## YOUR TASK
Repeat only the lines from the one that contains "Solitary common dolphins" through the final line of the listing below, exactly, please, without pictures.

## AVAILABLE DATA
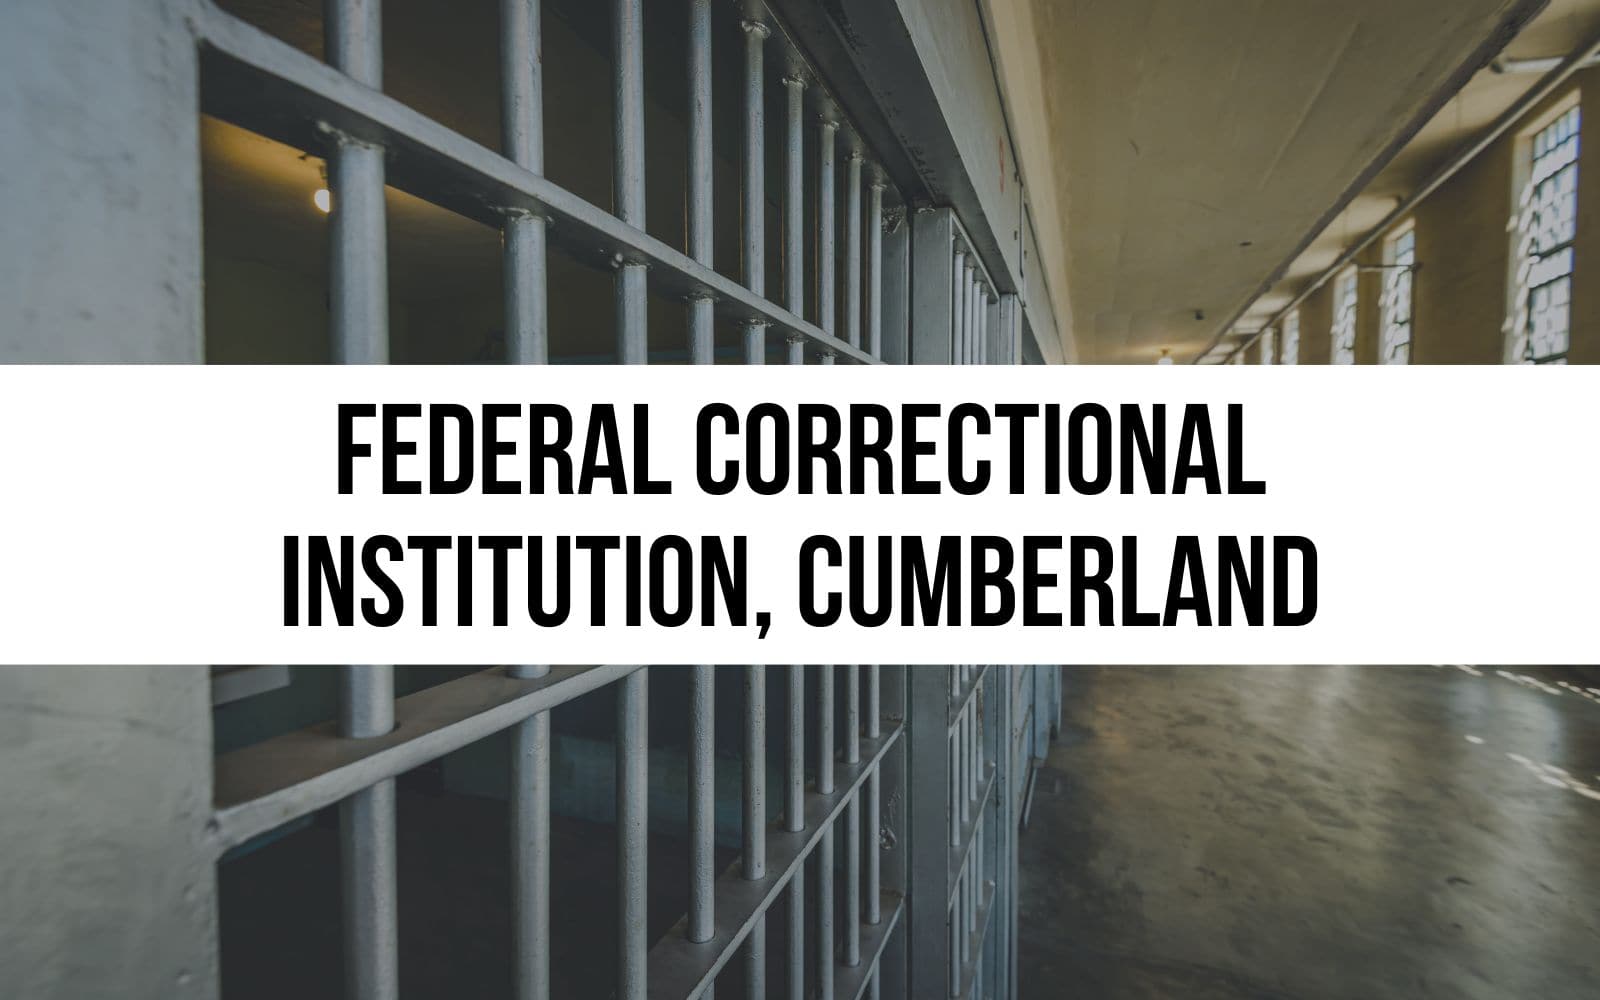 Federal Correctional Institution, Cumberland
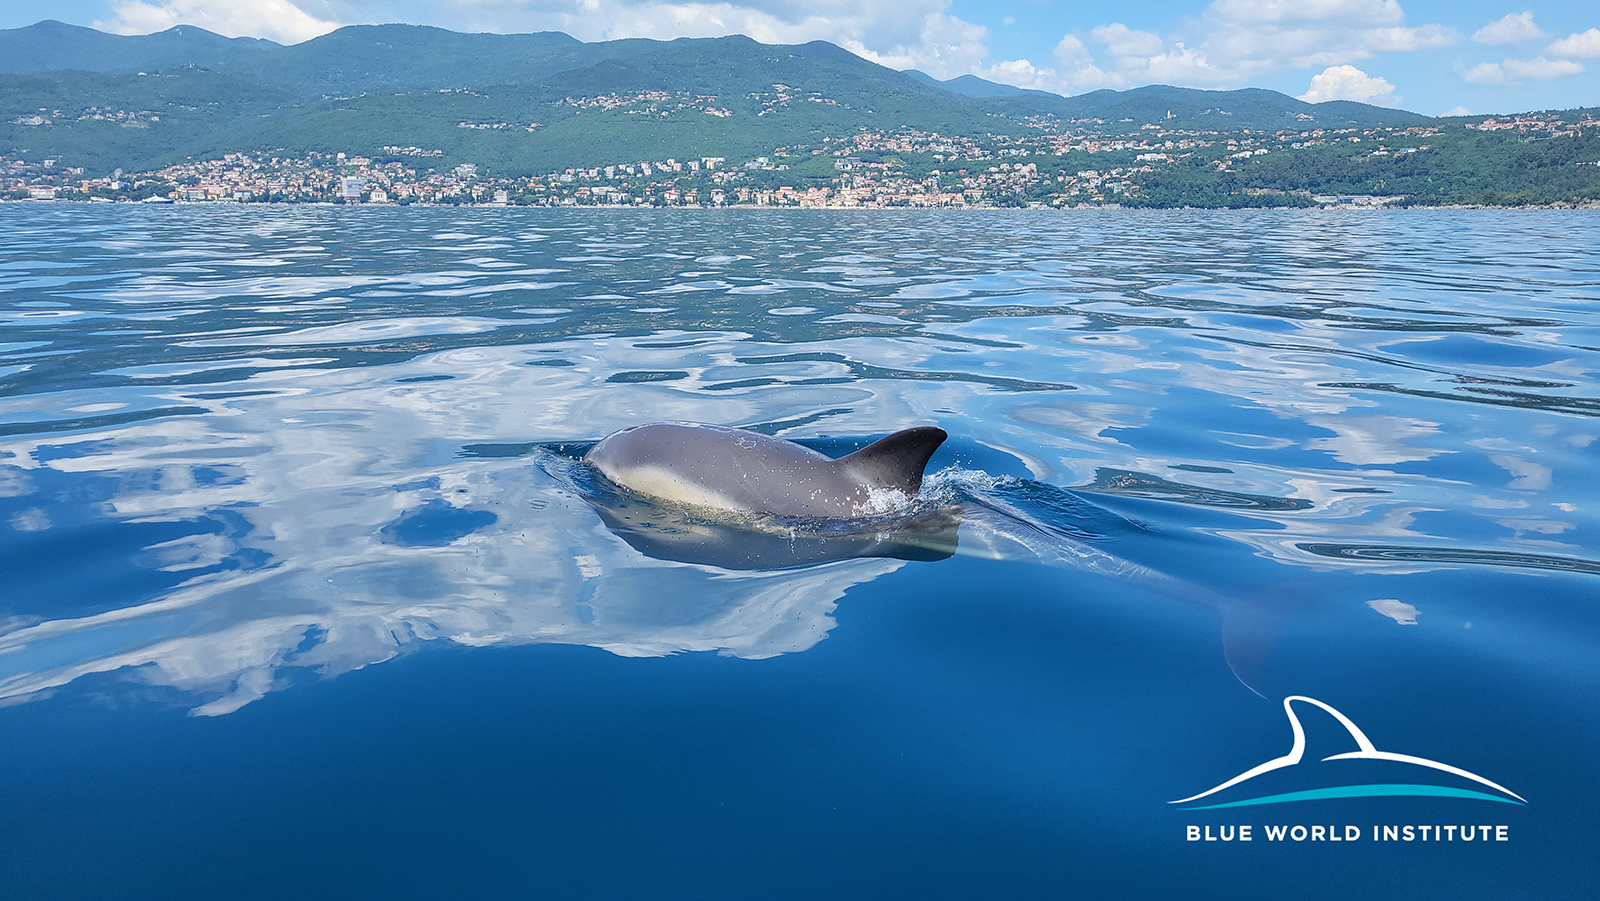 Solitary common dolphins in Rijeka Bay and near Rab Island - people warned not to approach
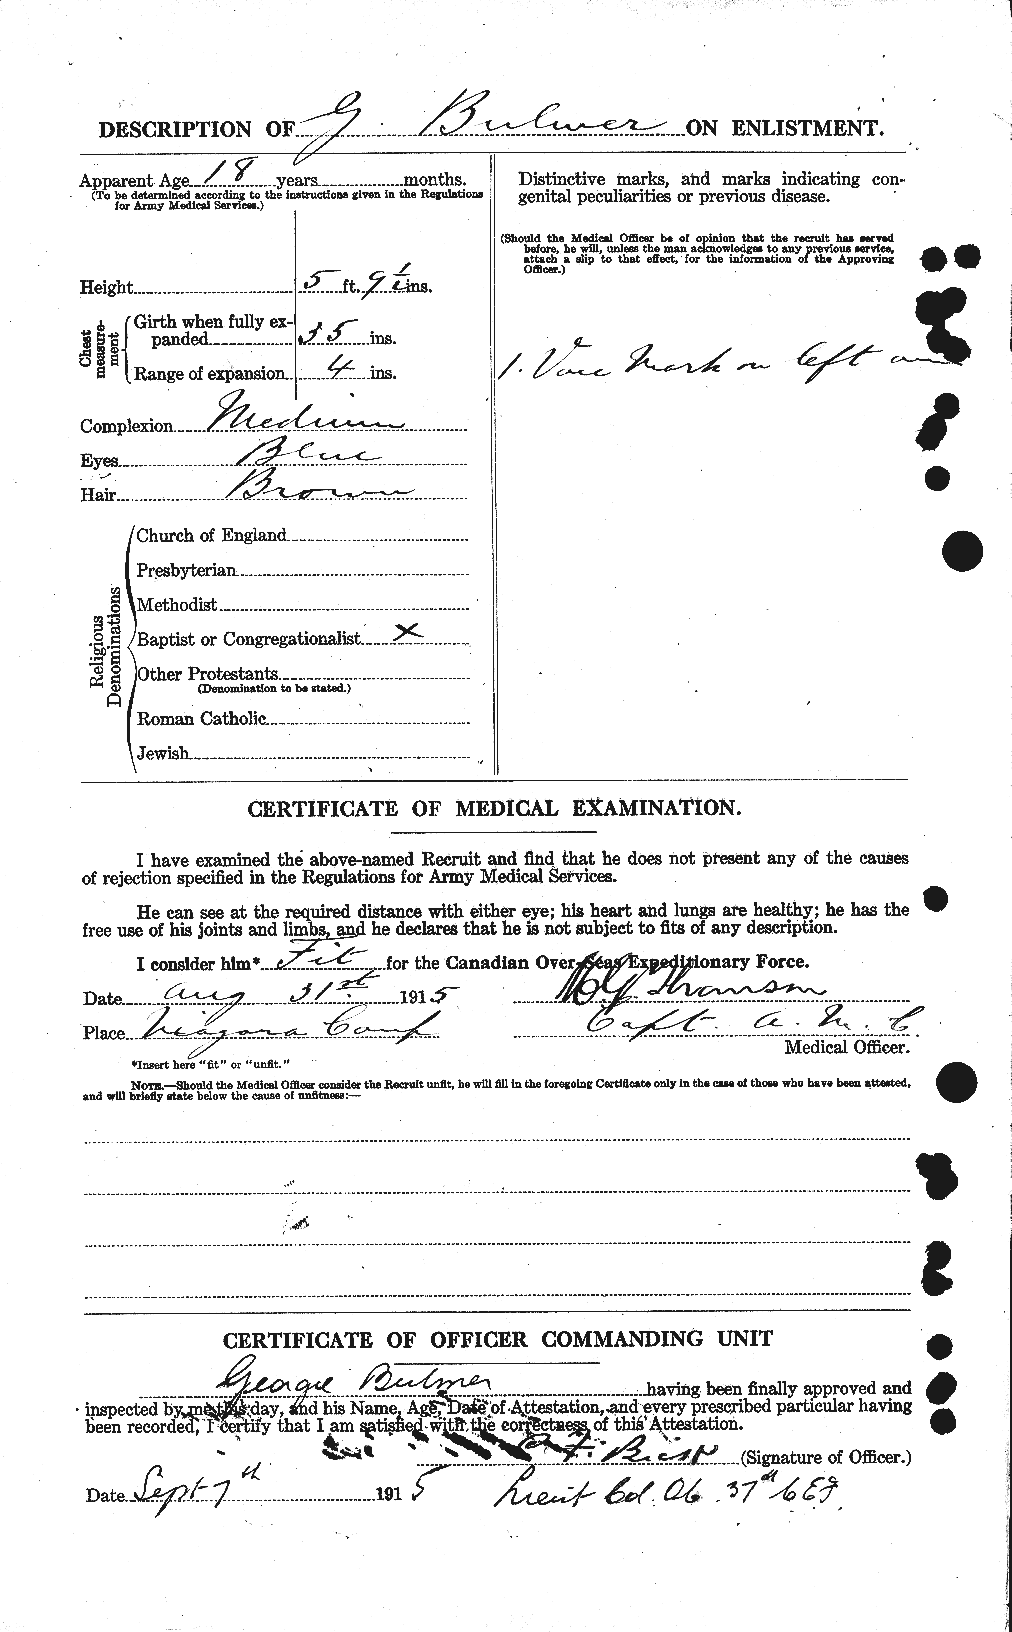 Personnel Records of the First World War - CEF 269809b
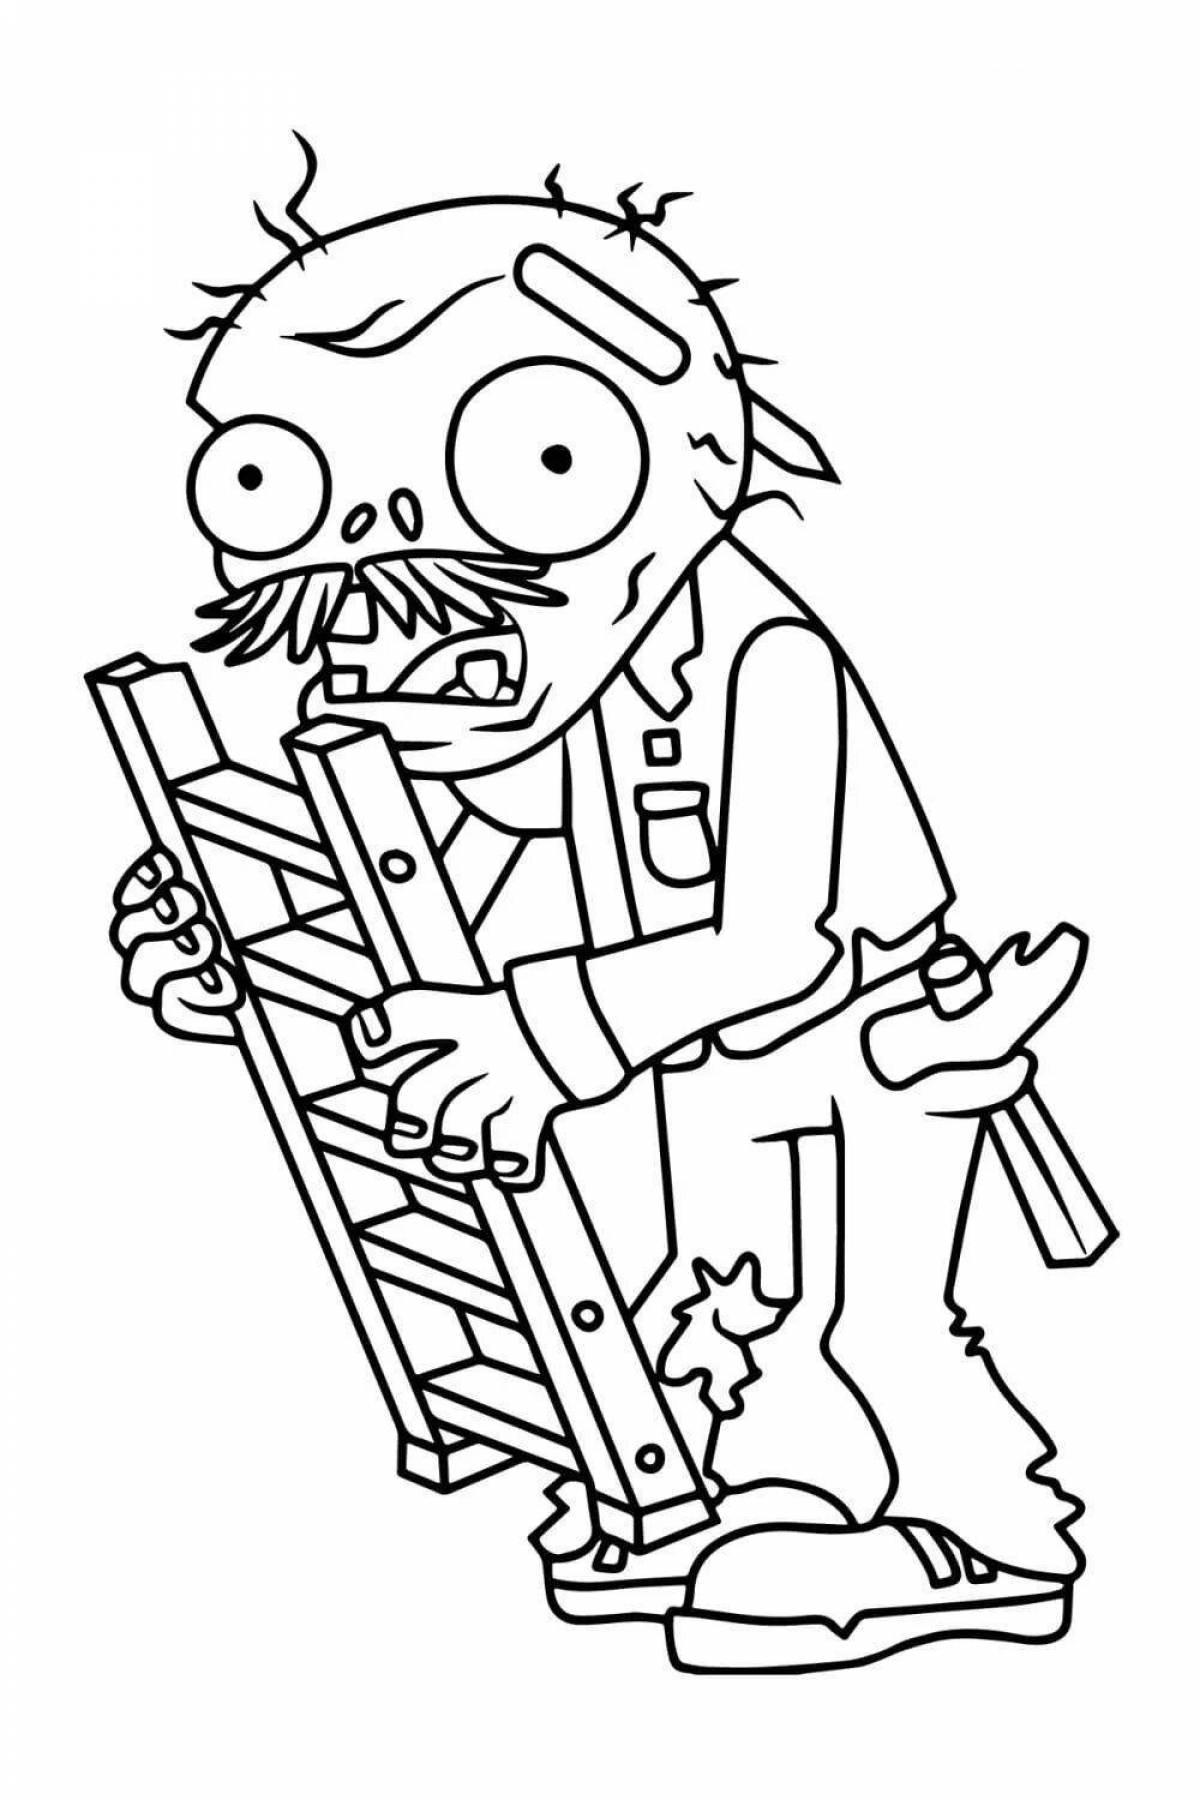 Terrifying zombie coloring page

## ANSWER BOX
 Solitary common dolphins in Rijeka Bay and near Rab Island - people warned not to approach
 Personnel Records of the First World War - CEF 269809b
 Terrifying zombie coloring page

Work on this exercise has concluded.